• **DIRECTIONS FOR THIS TASK**: Having located "White Gold Sofa" in the listing below, write out its line and every following line exactly, last line included, without the pictures.

• **DATA SEGMENT**:
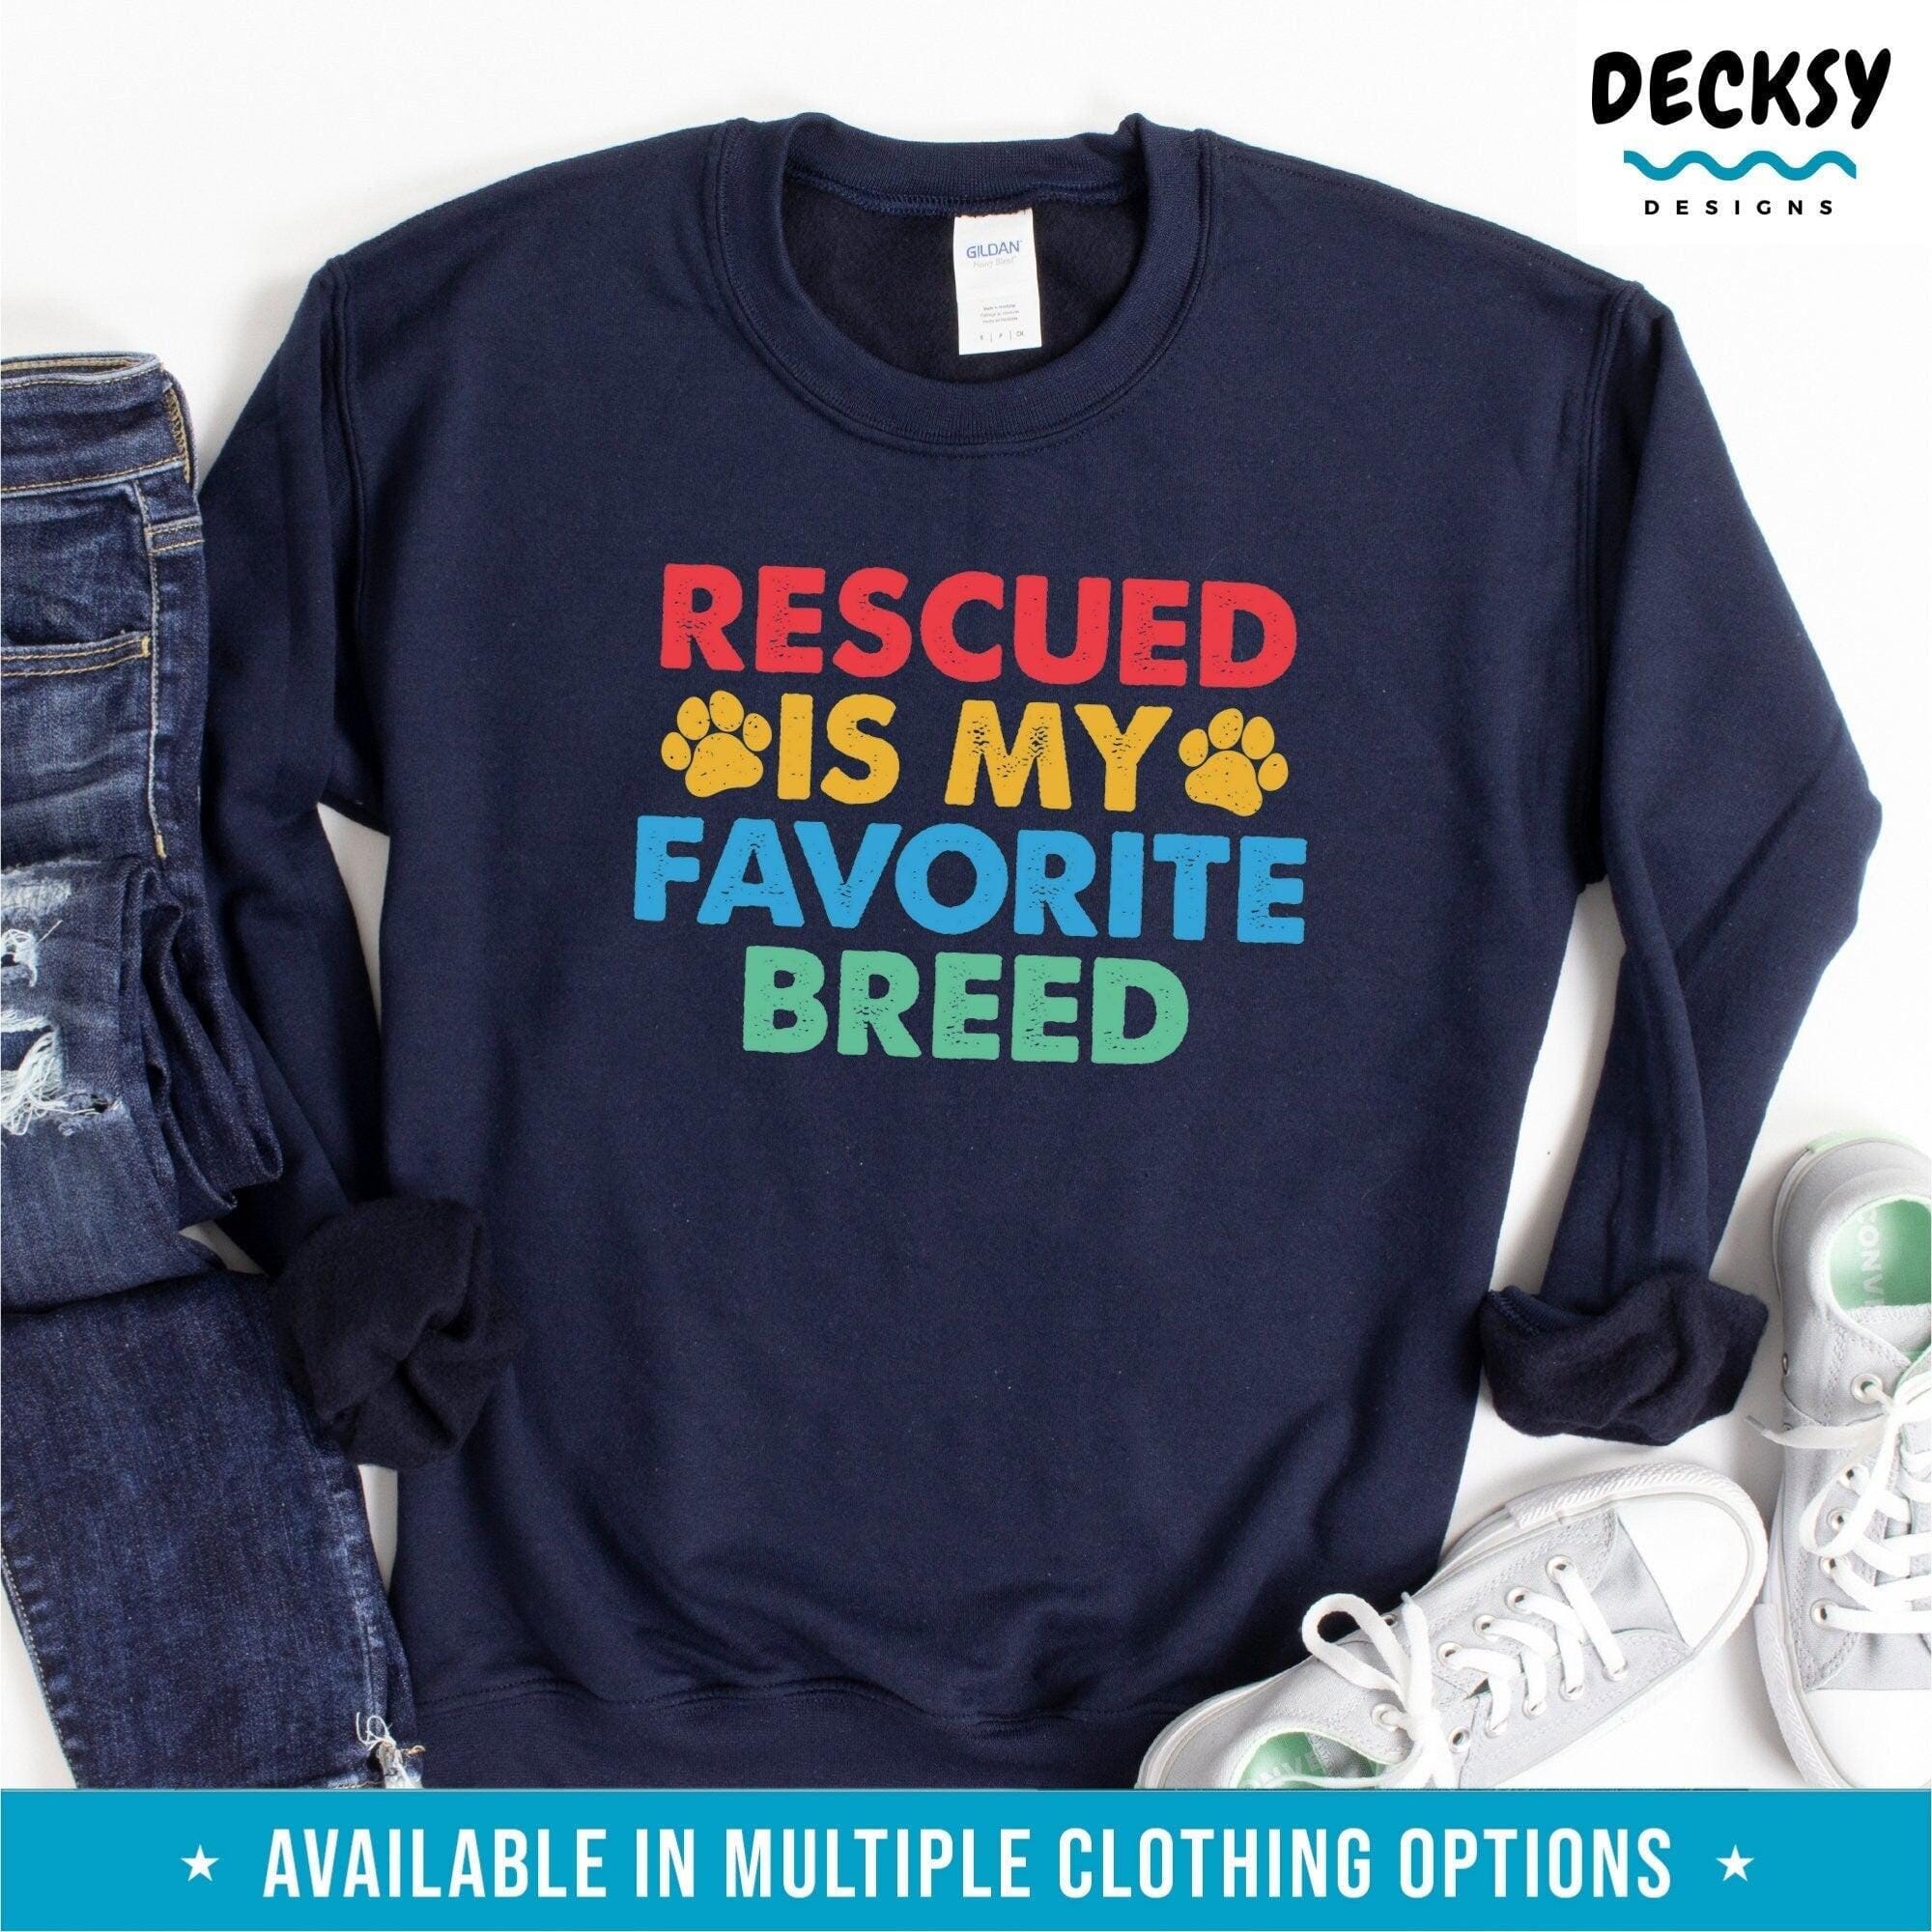 Dog Rescuer Shirt, Animal Lover Gift-Clothing:Gender-Neutral Adult Clothing:Tops & Tees:T-shirts:Graphic Tees-DecksyDesigns
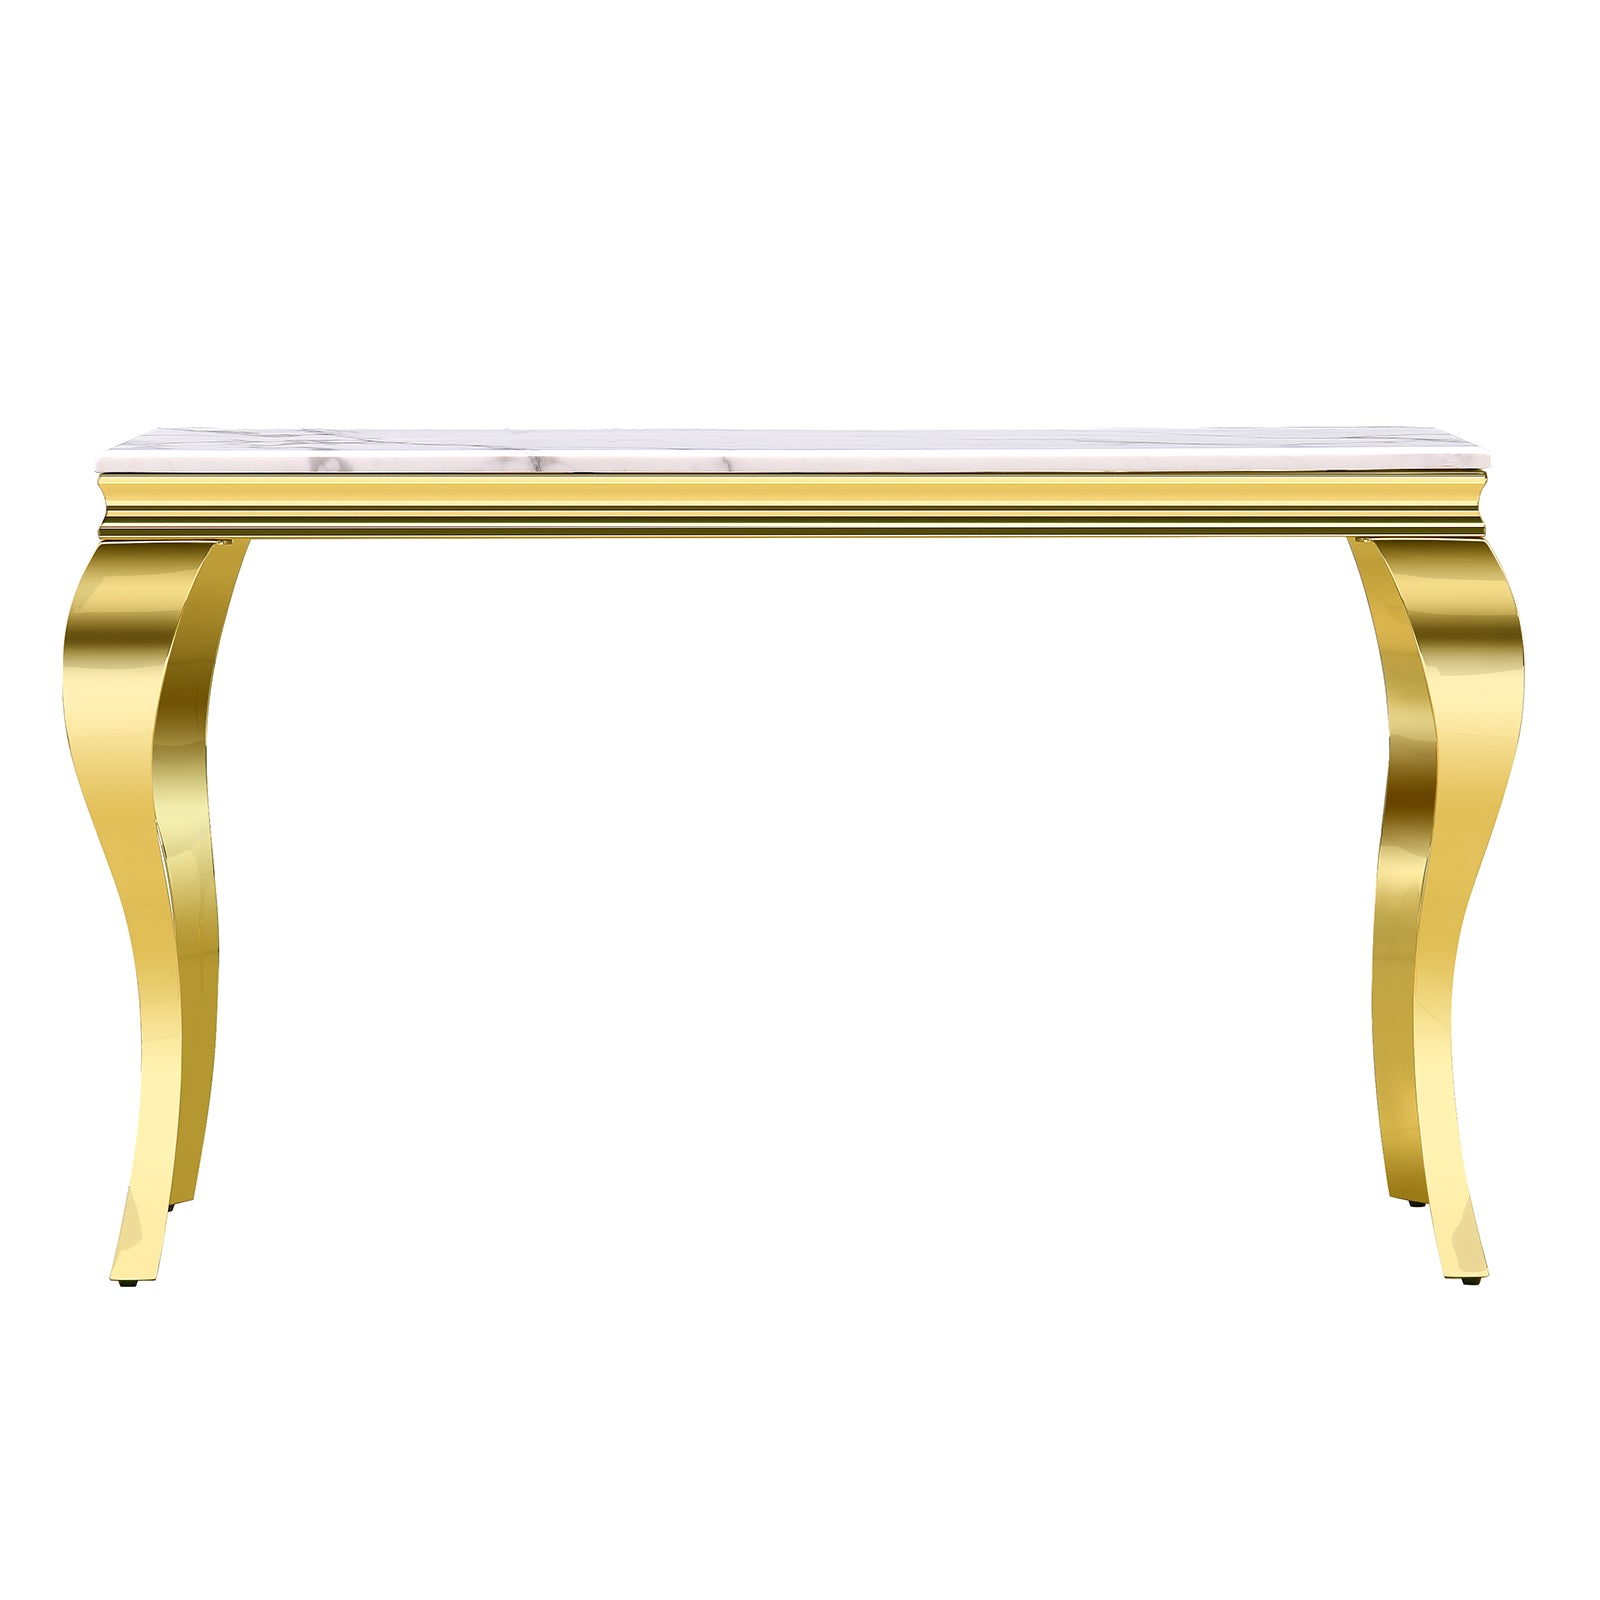 White Gold Sofa Table with White Stainless Steel Legs | S512
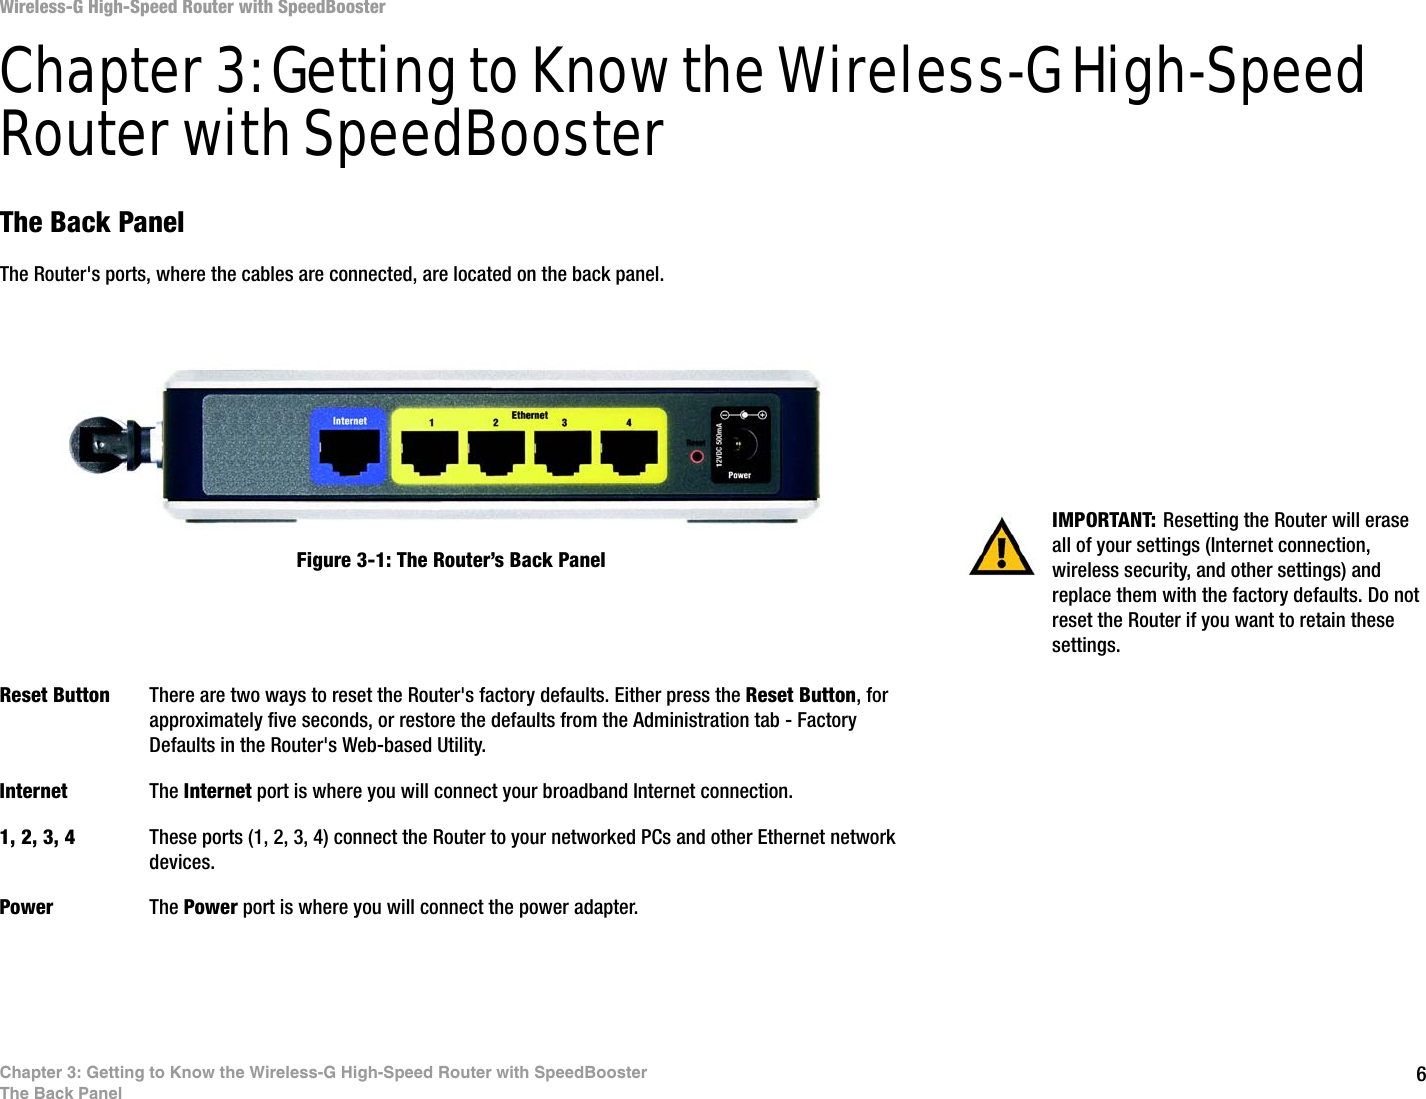 6Chapter 3: Getting to Know the Wireless-G High-Speed Router with SpeedBoosterThe Back PanelWireless-G High-Speed Router with SpeedBoosterChapter 3: Getting to Know the Wireless-G High-Speed Router with SpeedBoosterThe Back PanelThe Router&apos;s ports, where the cables are connected, are located on the back panel.Reset Button There are two ways to reset the Router&apos;s factory defaults. Either press the Reset Button, for approximately five seconds, or restore the defaults from the Administration tab - Factory Defaults in the Router&apos;s Web-based Utility.Internet The Internet port is where you will connect your broadband Internet connection.1, 2, 3, 4 These ports (1, 2, 3, 4) connect the Router to your networked PCs and other Ethernet network devices.Power The Power port is where you will connect the power adapter.IMPORTANT: Resetting the Router will erase all of your settings (Internet connection, wireless security, and other settings) and replace them with the factory defaults. Do not reset the Router if you want to retain these settings.Figure 3-1: The Router’s Back Panel

• **TASK OUTPUT**:
 White Gold Sofa Table with White Stainless Steel Legs | S512
 6Chapter 3: Getting to Know the Wireless-G High-Speed Router with SpeedBoosterThe Back PanelWireless-G High-Speed Router with SpeedBoosterChapter 3: Getting to Know the Wireless-G High-Speed Router with SpeedBoosterThe Back PanelThe Router&apos;s ports, where the cables are connected, are located on the back panel.Reset Button There are two ways to reset the Router&apos;s factory defaults. Either press the Reset Button, for approximately five seconds, or restore the defaults from the Administration tab - Factory Defaults in the Router&apos;s Web-based Utility.Internet The Internet port is where you will connect your broadband Internet connection.1, 2, 3, 4 These ports (1, 2, 3, 4) connect the Router to your networked PCs and other Ethernet network devices.Power The Power port is where you will connect the power adapter.IMPORTANT: Resetting the Router will erase all of your settings (Internet connection, wireless security, and other settings) and replace them with the factory defaults. Do not reset the Router if you want to retain these settings.Figure 3-1: The Router’s Back Panel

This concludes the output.